They have a smell and taste like nothing else. They’re matsutake; one of the most interesting things I’ve cooked with.
They have a flavor that’s difficult to describe. Other mushrooms like Boletes, and their cousins Leccinums, Suillus, and Tylopilus, all have a sort of taste/aroma, and you could make other comparisons with chanterelles, trumpets, and plenty of mushrooms by separating them into their related species.
Matsutake though? Nope.
They’re related to shiitake and honey mushrooms, but any similarity ends on the microscopic level. People have said they smell cinnamon, red hots, gym socks, funk, fish, and to me they’re all right- it’s kinda hard to explain them.
One thing is for certain though-their flavor is powerful. Even peeling or chopping a single mushroom can perfume a room. Even so, just like other potent fungus (truffles), they can be easily overwhelmed by too many other ingredients.
With their hefty price tag, you don’t want to waste any of these guys. This simple soup is a great example of how to stretch those matsutake as far as possible, it’s easy-I’ll tell you how.
When I receive matsutake in a restaurant, they’ve usually been out of the ground for a few days, at least. Unless you have a matsutake patch of your own, this will probably be the case for you too.
What happens is that the mushrooms dry out a little. Sand and grit stick to them in the worst way. Washing, brushing, or scrubbing I’ve found can be pointless sometimes. To really get the most out of purchased matsutake, you’re probably going to need to peel them.
As I was peeling a big batch one day, I kept putting my nose into the bowl of trim that I was going to throw. The smell of the scrap alone was so intense that I decided to infuse some stock with it. It turned out so good, that now I never even think about tossing the peels. The stock has to be strained carefully to remove the grit, but it’s a small price to pay for the outcome.
I can’t explain it, but matsutake just beg to be cooked in Asian style dishes. I don’t work a lot with that sort of genre, but I do know that I love a good bowl of noodles, so, what could be better than some ramen in matsutake broth?
You could switch up the garnishes any way you want. The only keys to this are a great homemade broth, the peel from the matsutake stems, and using plenty of the mushrooms themselves, the rest is up to you.
Here are the garnishes I used:
- Sliced, cooked pork belly
- A poached egg
- Thinly sliced green onions
- Fresh bean Sprouts
- Pea shoots
Serves 4 as a light entree
- About 10 cups matsutake mushroom broth (recipe follows)

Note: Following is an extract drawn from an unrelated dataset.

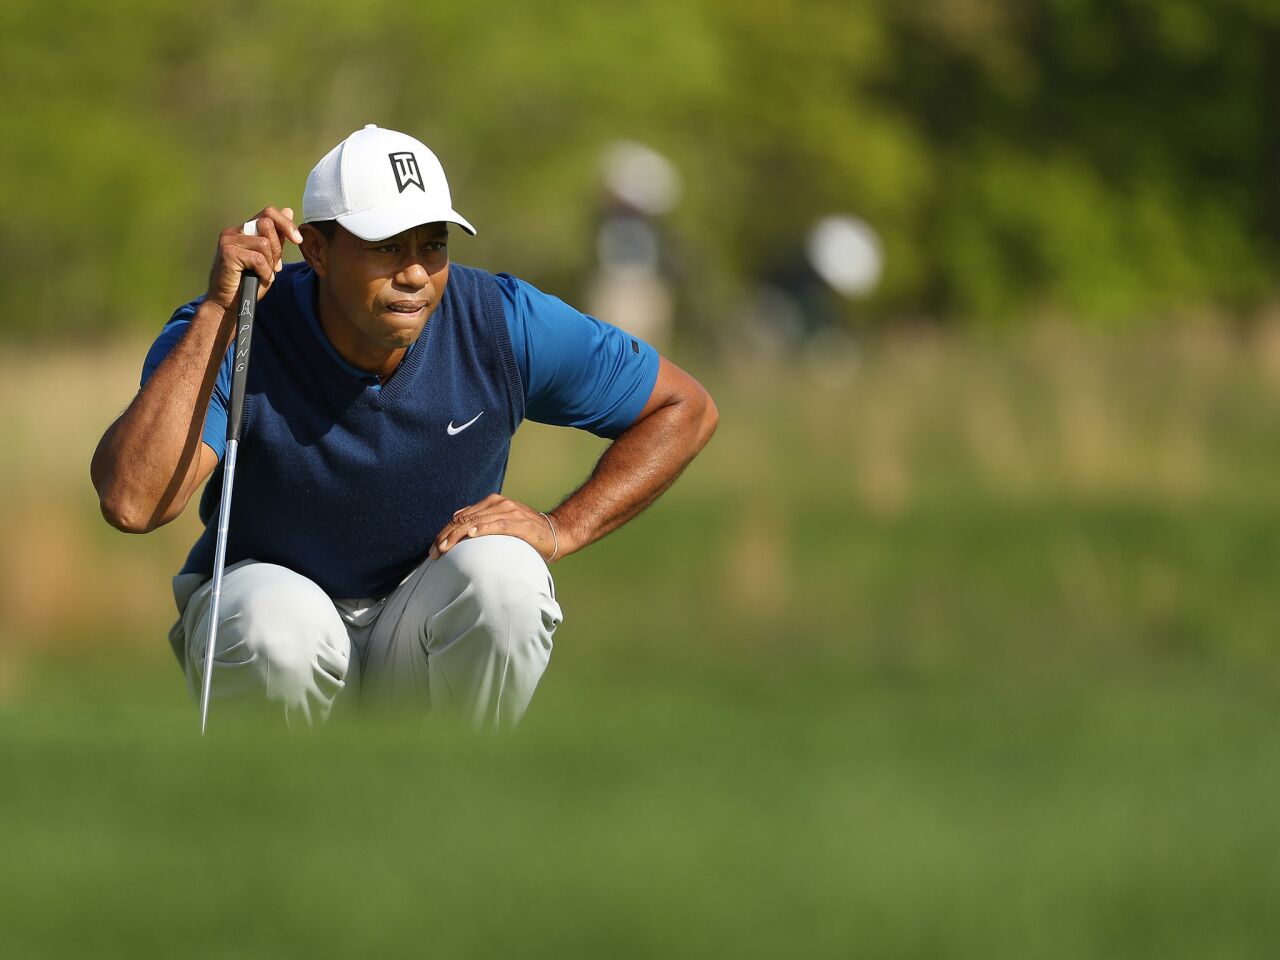 Tiger Woods lines up a putt on the 11th green during the first round of the 2019 PGA Championship at the Bethpage Black course in Farmingdale, N.Y.

- 1/2 lb fresh matsutake mushrooms, peeled and sliced 1/4 in
- 2 tbsp mild flavored cooking oil, for cooking the matsutake
- Kosher salt
- Garnishes: use combination of fresh and prepared ingredients- sprouts, green onions, chili oil, poached eggs, fish dumplings, cooked pork belly, etc, be creative.
- 4 oz ramen noodles
- Cook the ramen noodles in lightly salted water until al dente. Drain the noodles and rinse to halt the cooking, then reserve until needed. (this can be done ahead of time.)
- Heat the matsutake broth in a small sauce pot, then season the broth lightly to taste with salt. Meanwhile, heat the oil in a wide saute pan. saute the sliced matsutake for a few moments, until they start to smell amazing and aromatic. Season the mushrooms lightly with salt and pepper to taste and reserve.
- In the bottom of four preheated soup bowls, place any cooked garnishes, like the noodles, pork belly or poached eggs. Ladle very hot broth over the cooked ingredients, then serve immediately with the fresh garnishes on the side.
Matsutake Mushroom Broth
This is a restaurant batch, scale as needed
Yield: 1 gallon
- 1 gallon meat or vegetable stock, preferably homemade
- 1/4 cup mild flavored cooking oil
- 1 qt, packed trim and peel from matsutake mushrooms
- In a deep stock pot, heat the oil until warm, but not smoking. Add the matsutake trim to the oil cook for a few minutes, until wilted. Add the stock, bring the mixture to a boil, then turn off the heat and allow the stock to cool.
- When the stock is cool, skim off any oil, then strain it through a fine sieve or cheesecloth to remove any grit.
- Label, date, and refrigerate or freeze the stock until needed.